Int J Cancer. 2018 Nov 28. [Epub ahead of print]

Ten-year recurrence rates for breast cancer subtypes in the Netherlands: A large population-based study.

van Maaren MC, de Munck L, Strobbe LJ, Sonke GS, Westenend PJ, Smidt ML, Poortmans PM, Siesling S.

Netherlands Comprehensive Cancer Organisation, Utrecht, the Netherlands; University of Twente, Enschede, the Netherlands; University of Groningen, Groningen, the Netherlands; Canisius Wilhelmina Hospital, Nijmegen, the Netherlands; Netherlands Cancer Institute, Amsterdam, the Netherlands; Laboratory of Pathology, Dordrecht, the Netherlands; Maastricht University Medical Centre, Maastricht, the Netherlands; Institut Curie, Paris, France.

While breast cancer subtypes are known independent predictors of survival and recurrence risk, data on long-term recurrences in daily practice remain scarce.
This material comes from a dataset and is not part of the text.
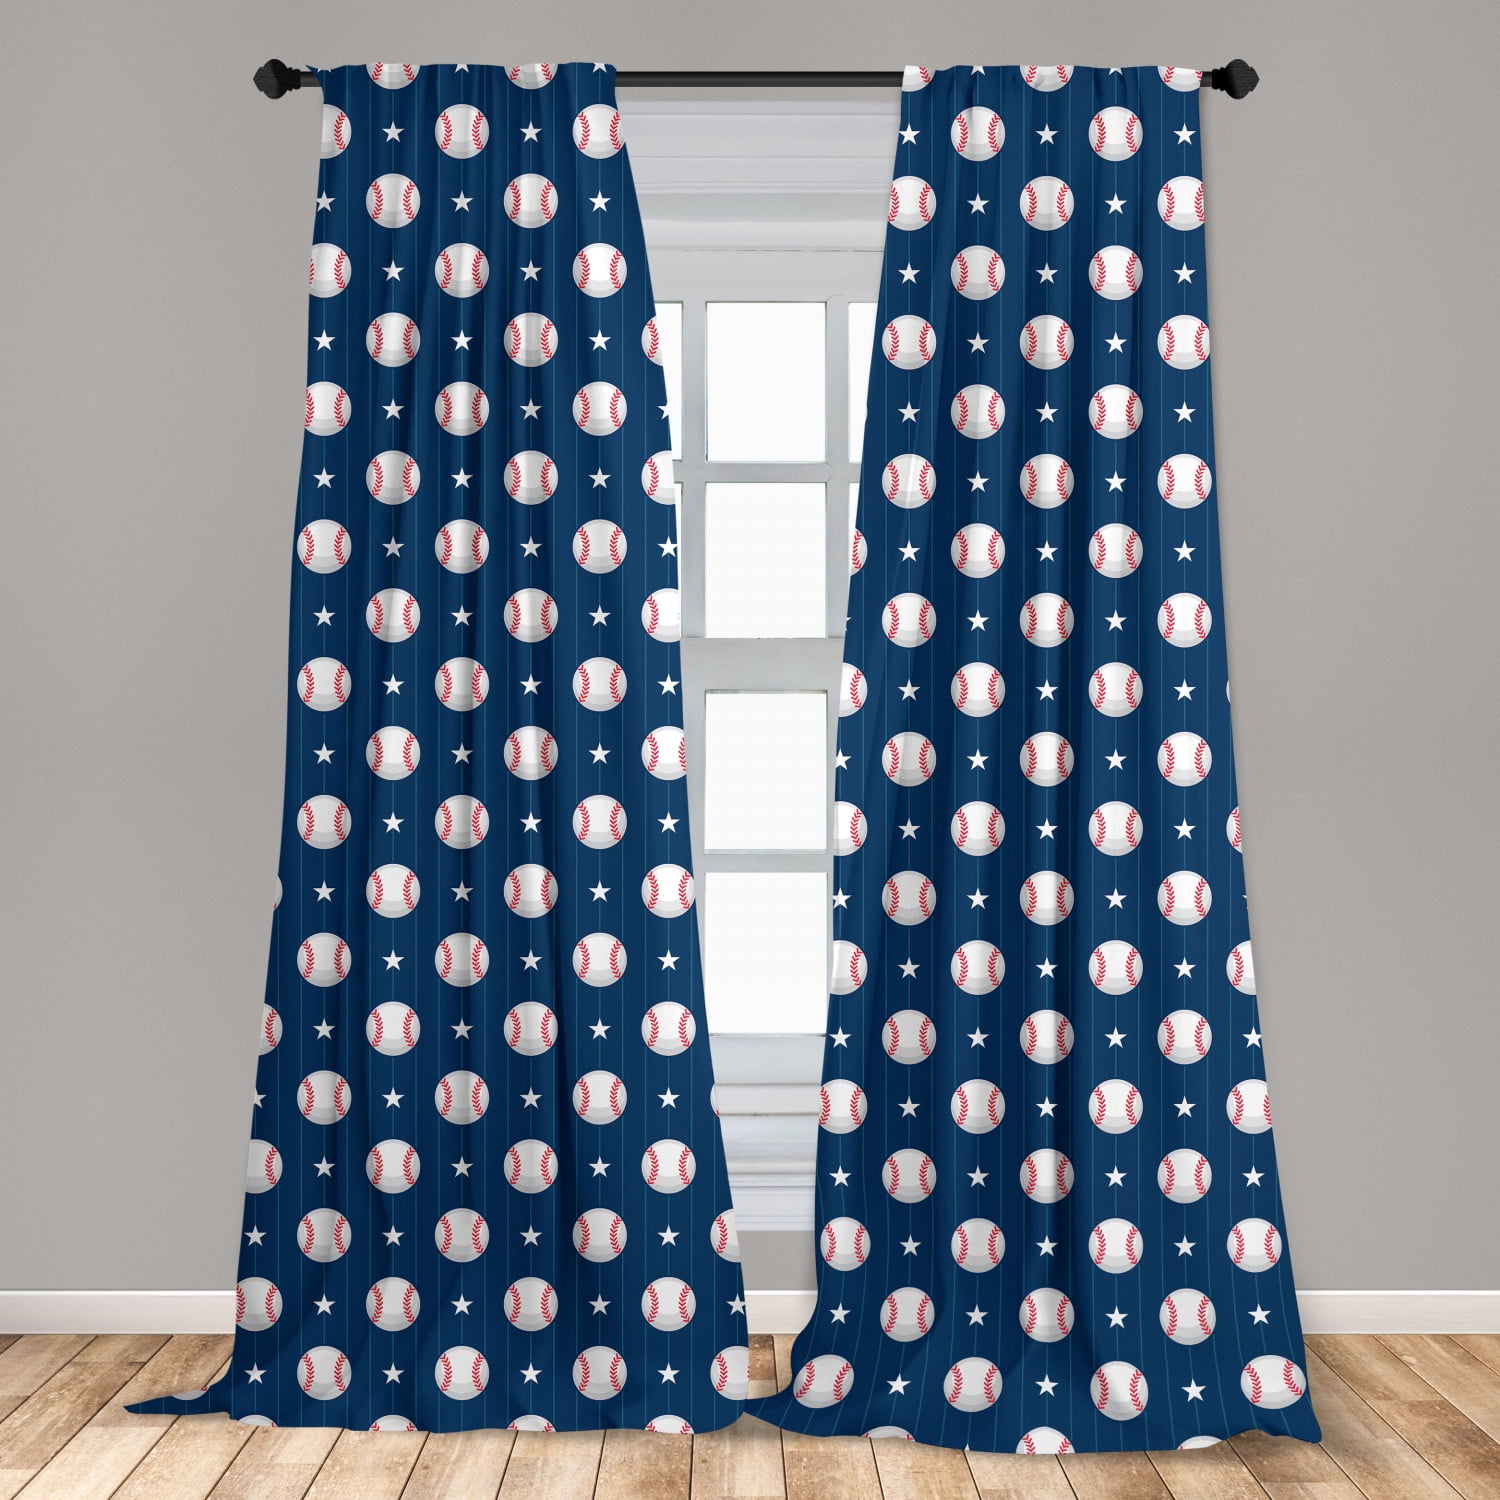 Sports Curtains 2 Panels Set, Baseball Patterns on Vertical Striped Background Stars Design, Window Drapes for Living Room Bedroom, 56"W X 84"L, Night Blue Red White, by Ambesonne

In this population-based study reporting on 10-year recurrences, HER2 positive and triple negative subtypes showed the highest recurrence rates, which occurred most often in the second year, while luminal A and B recurred later on during the follow-up. Lobular tumours recurred more often than ductal tumours. In the Netherlands, breast cancer subtypes are thus important predictors for 10-year recurrence rates. Knowledge on recurrence and survival rates according to these different subtypes can help support patient-tailored treatment and individualised follow-up.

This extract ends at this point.